→ Task item
As you work through the listing below, copy each line exactly and drop the images.

→ Provided data
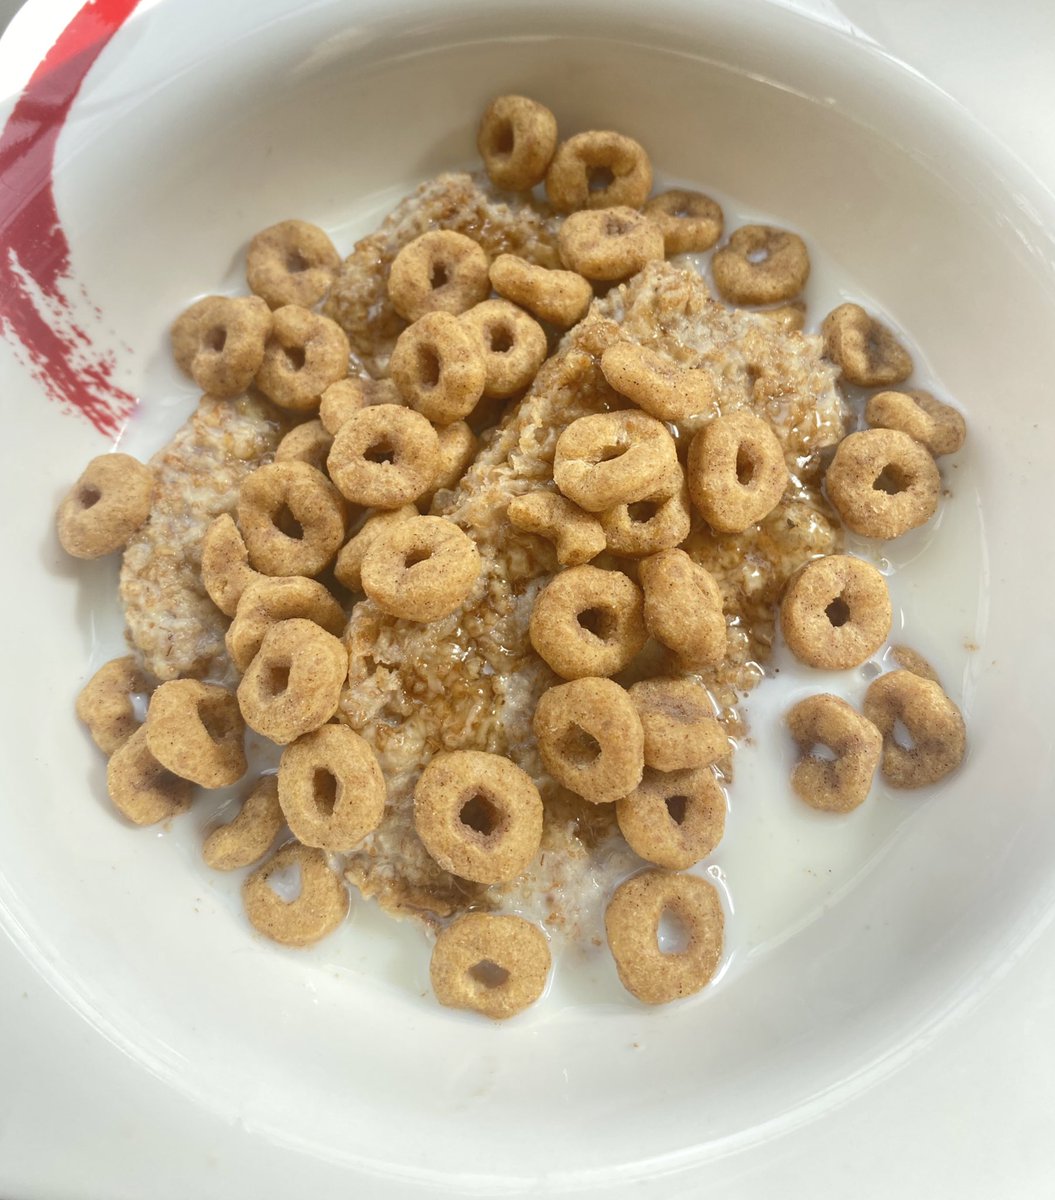 Banana Weetabix with cinnamon cereal!! The milk tastes fucking insane 😭
-
Info in alt

→ Response below
 Banana Weetabix with cinnamon cereal!! The milk tastes fucking insane 😭
-
Info in alt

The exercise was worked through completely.